It was on my 33rd birthday that I officially received the news from our pediatrician during Elle’s 6 month well child check that it was time to have my luminous blue eyed baby girl evaluated by a few other professionals at Children’s hospital in Seattle. The doctor validated in my frenetic and obsessive mind what I already knew to be true in my heart; Ellie was not “normal”. Devastated. On the floor, devastated.
By then I am pretty sure my pediatrician’s office had Elle’s chart labeled with a red circle sticker. You never want to be that patient, let me tell you. Eyes roll when you come in for a visit or the triage nurse’s voice is indifferent and annoyed by your recurring calls. I was that mom. Weekly calls, work in appointments at 4:30pm for ambiguous and elusive concerns. Spinning, searching, desperate, afraid. Why is she holding her head funny, she smacks her tongue a lot, why does she flap her arms ? None of these things in and of themselves were abnormal to Elle’s pediatrician but finally by the age of 6 months, the secret whispers of my inner voice were outwardly acknowledged by the white coated experts.

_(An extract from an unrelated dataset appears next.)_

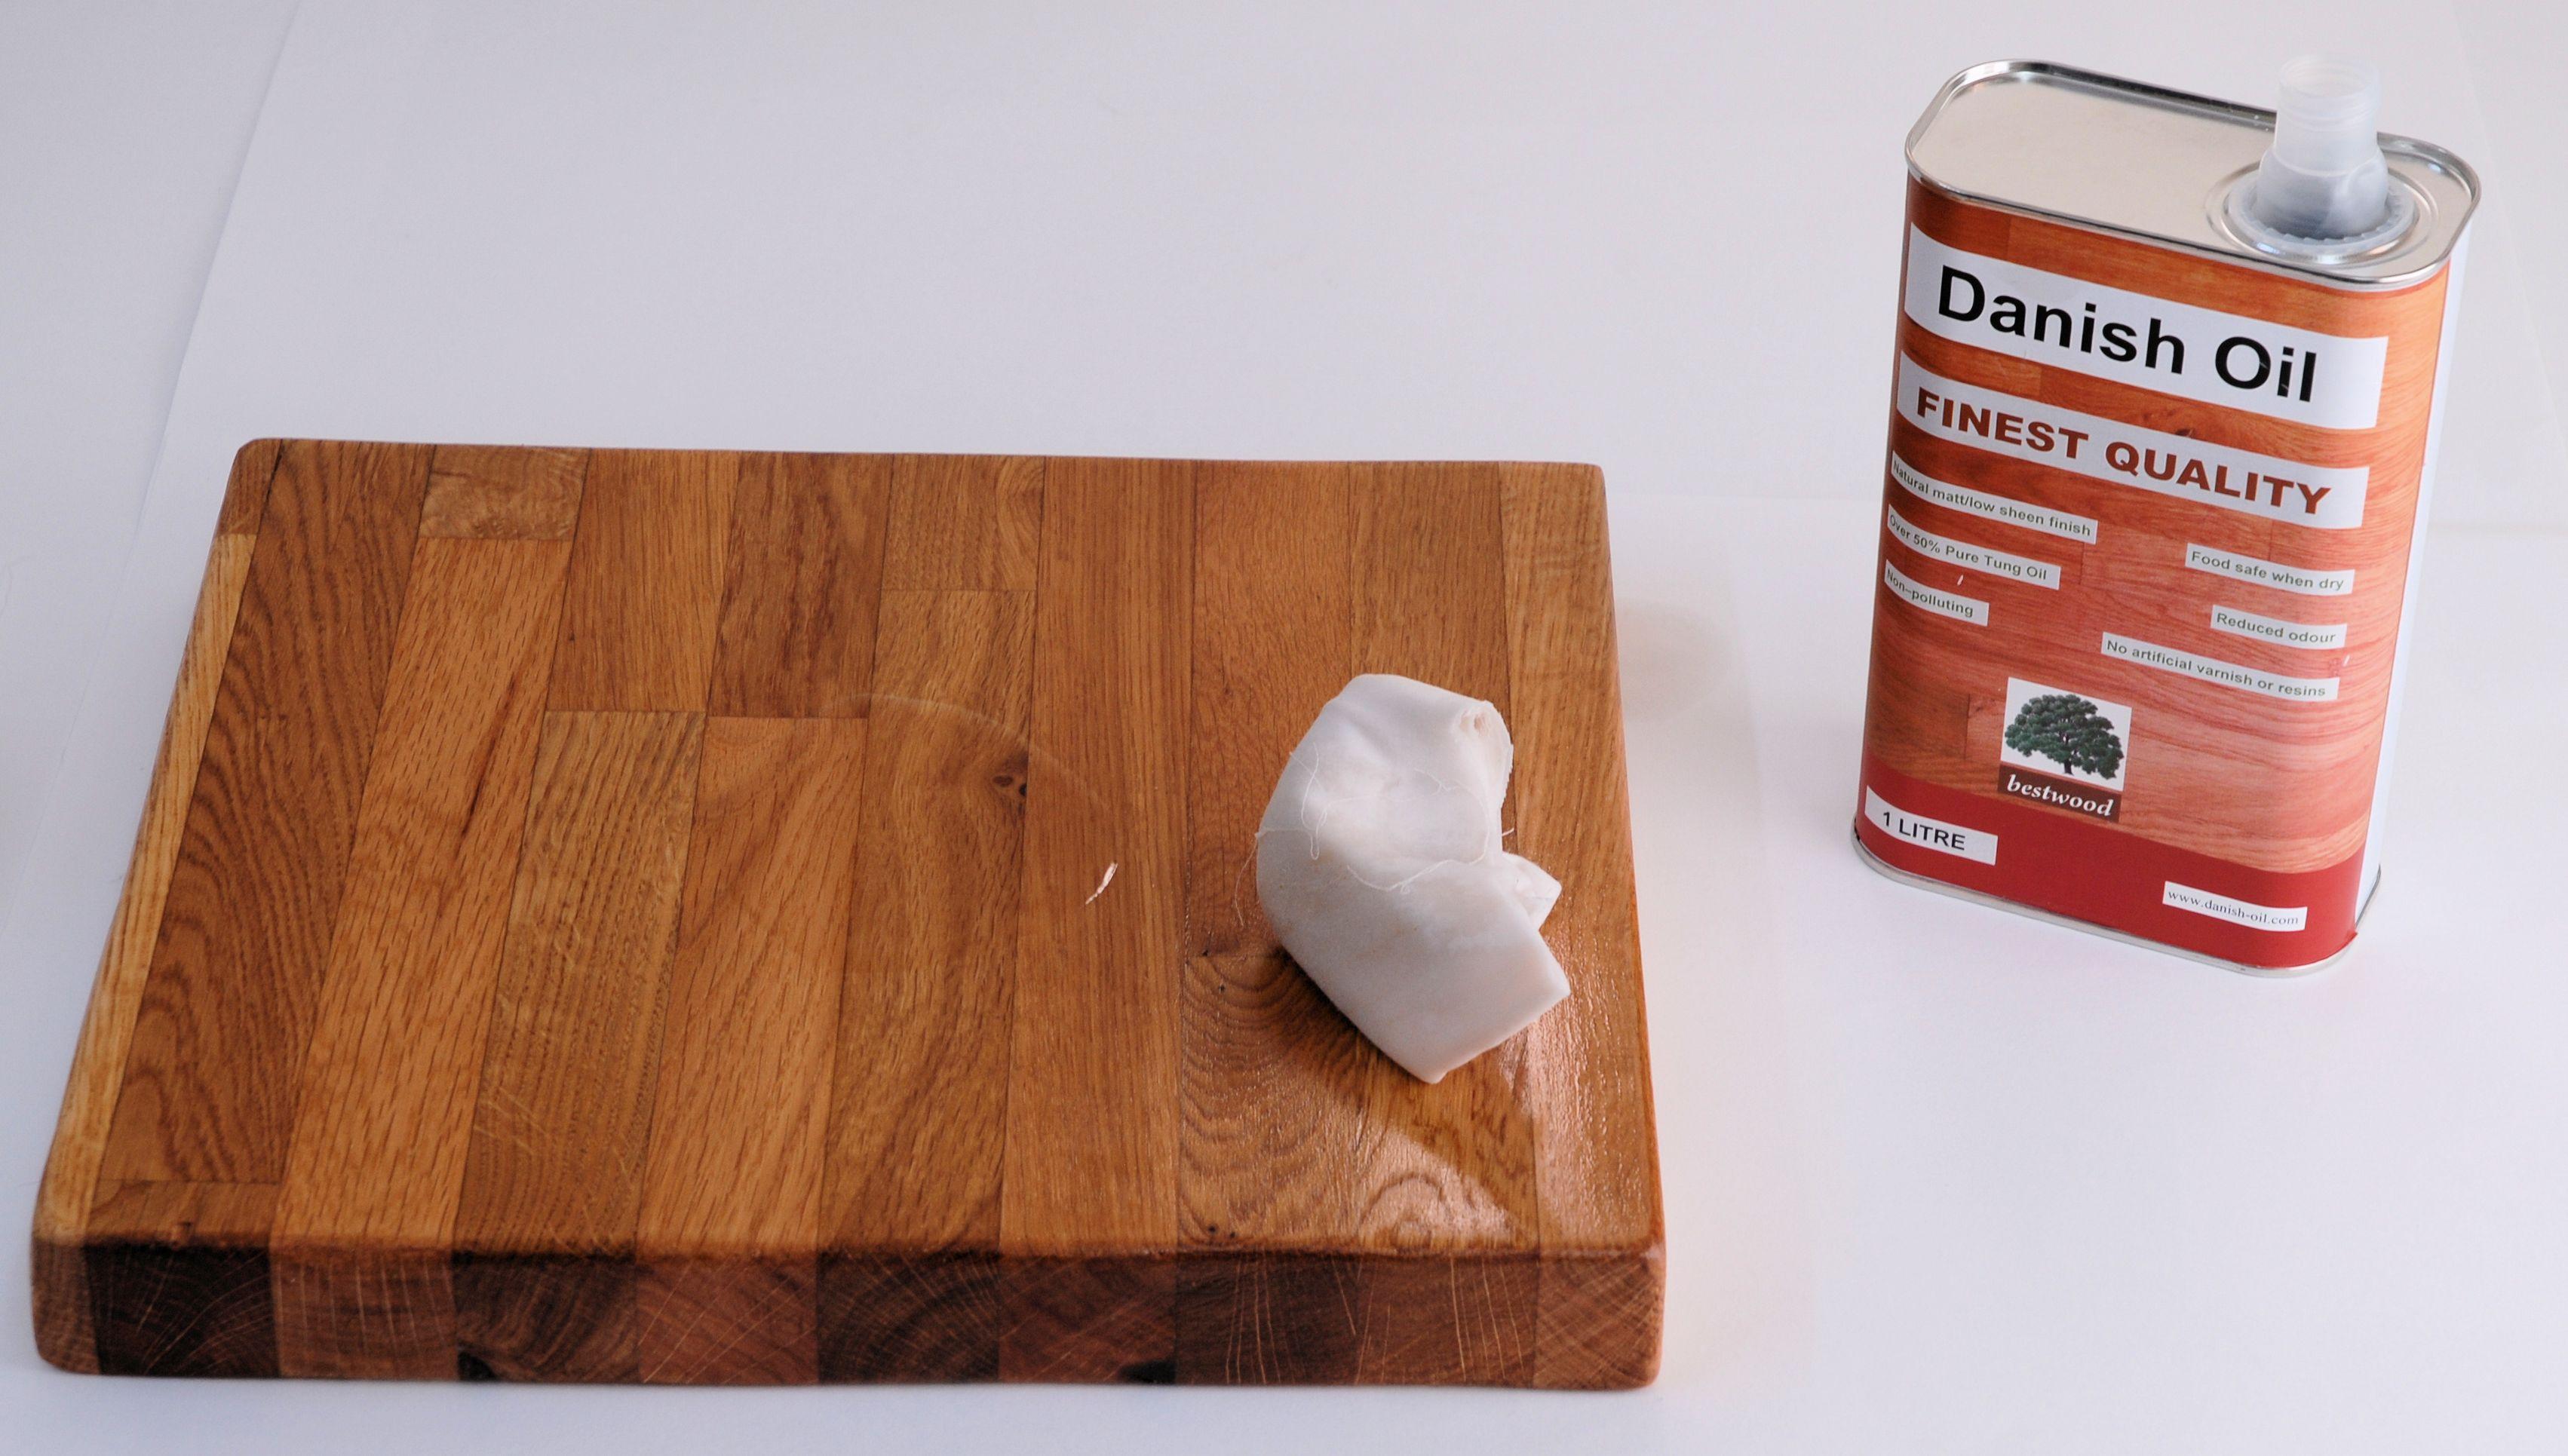 How to apply danish oildanish-oil com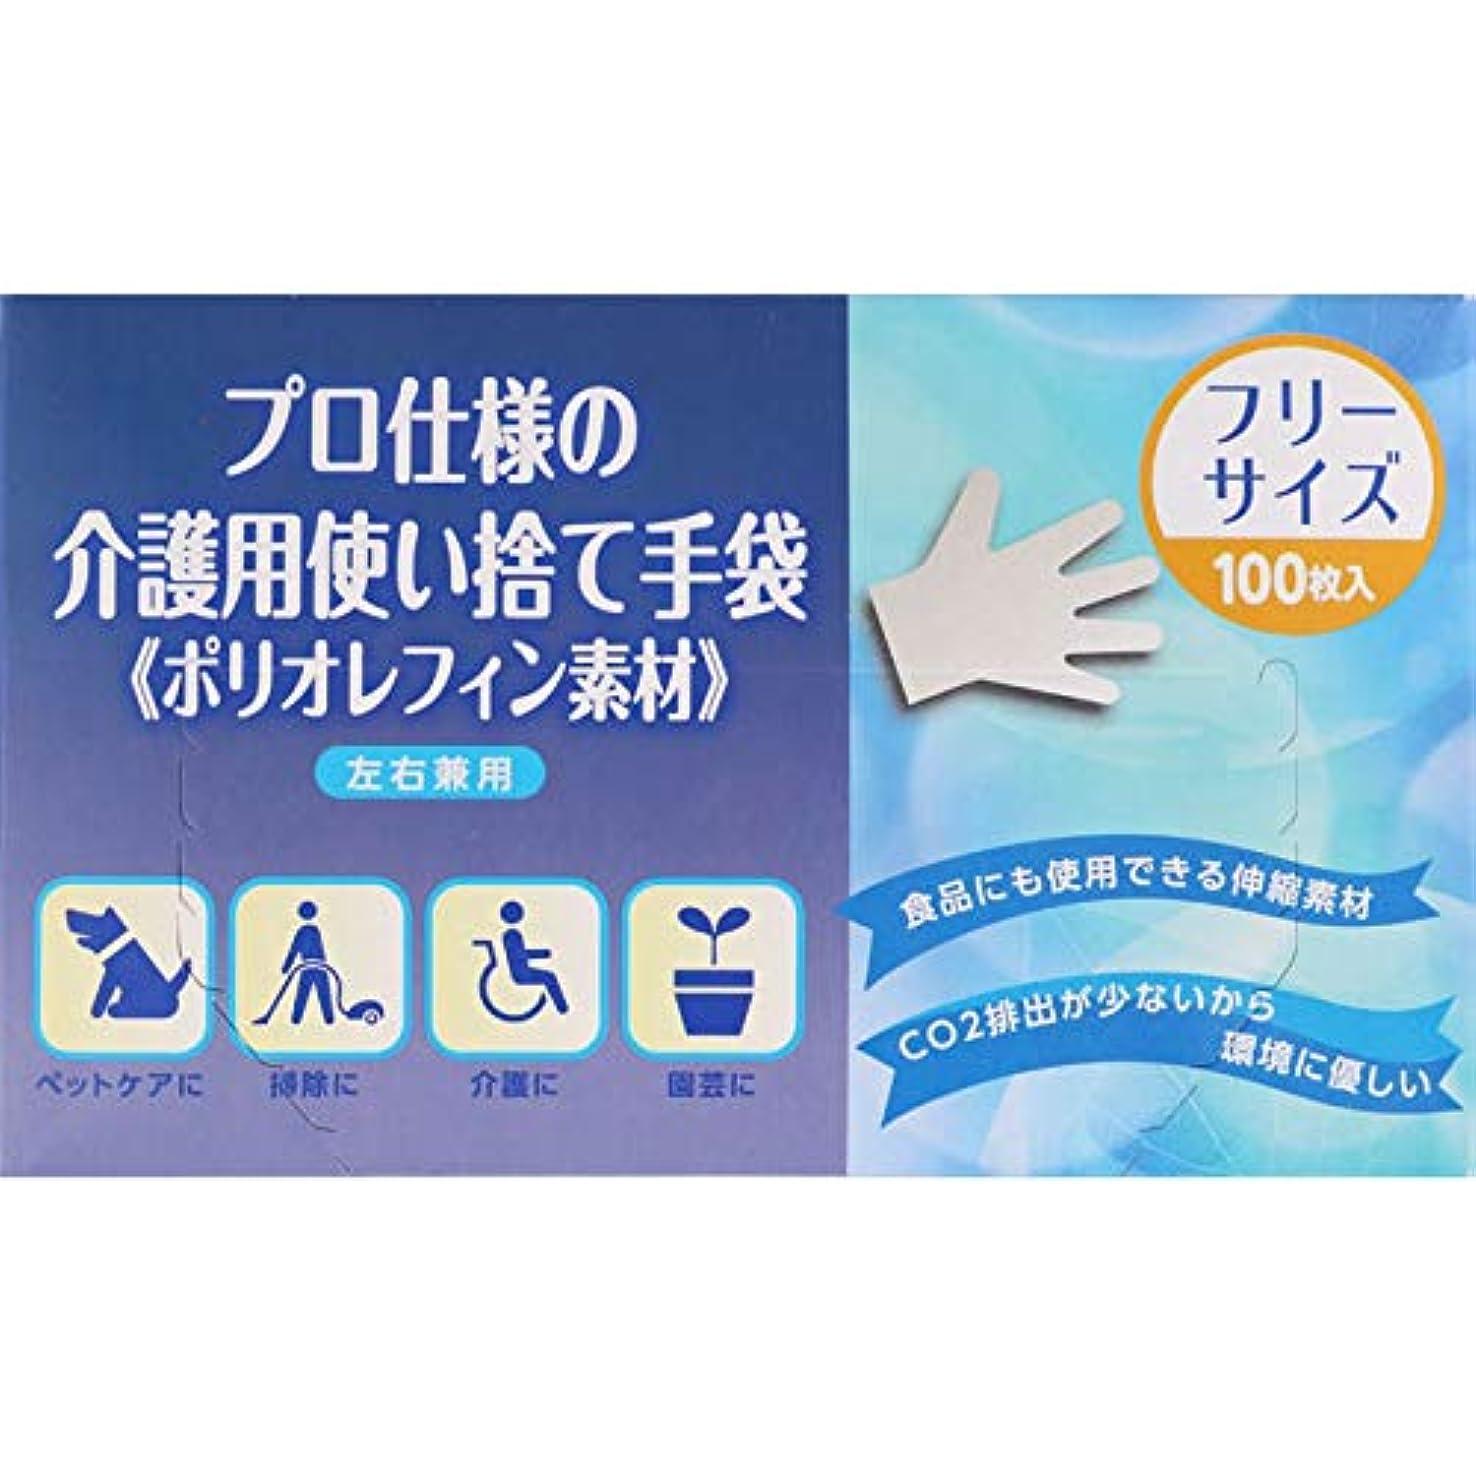 欺く梨効果的に【5個セット】プロ仕様の介護用使い捨て手袋《ポリオレフィン素材》 100枚

I still remember checking out at the front desk after this appointment, with Elle resting on my left hip and Amelia bravely standing next to me up against my right side. The front desk girl politely handed me a stack of paper referrals to a pediatric ophthalmologist, a referral to early intervention, and a referral to the infamous Dr. McGlaughphlin, the attending physician at Seattle Children’s Department of Pediatric Neurodevelopment. Quite a gift for my 33rd birthday one might say. It certainly was not something I had asked for nor something that I had knowingly ever desired. Typically all I ever have want on my birthday is a Baskin and Robbins jamocan almond fudge icecream cake, anything to do with Matt Damon, sunflowers, or kittens . But what do you do with an unwanted gift that you technically can never return ?
I wish my 47 year old self could have been there that day to hug, comfort and talk with my 33 year old self. I wish I could have looked in her eyes and held her firmly until she knew deep in her soul in that moment what she would come to know in her heart and mind over the next 15 years. Life is not fair, but you and Elle are going to be more than just ok. This is not going to be easy, but you and those who choose to remain by your side, will grow from this in so many ways that you can not even begin to comprehend at this time. Your marriage will struggle but it won’t be long until you will see that God aligned you with a man that demonstrates daily, the truest meaning of the word LOVE. Because of their sister, your children will grow up not taking the simplest milestones for granted and will always understand the value of thinking of others first before themselves. She will bring a sweet love, a golden light from god’s angels to every life she touches. And most importantly Shelley, you will learn to accept and love what is not perfect, including yourself.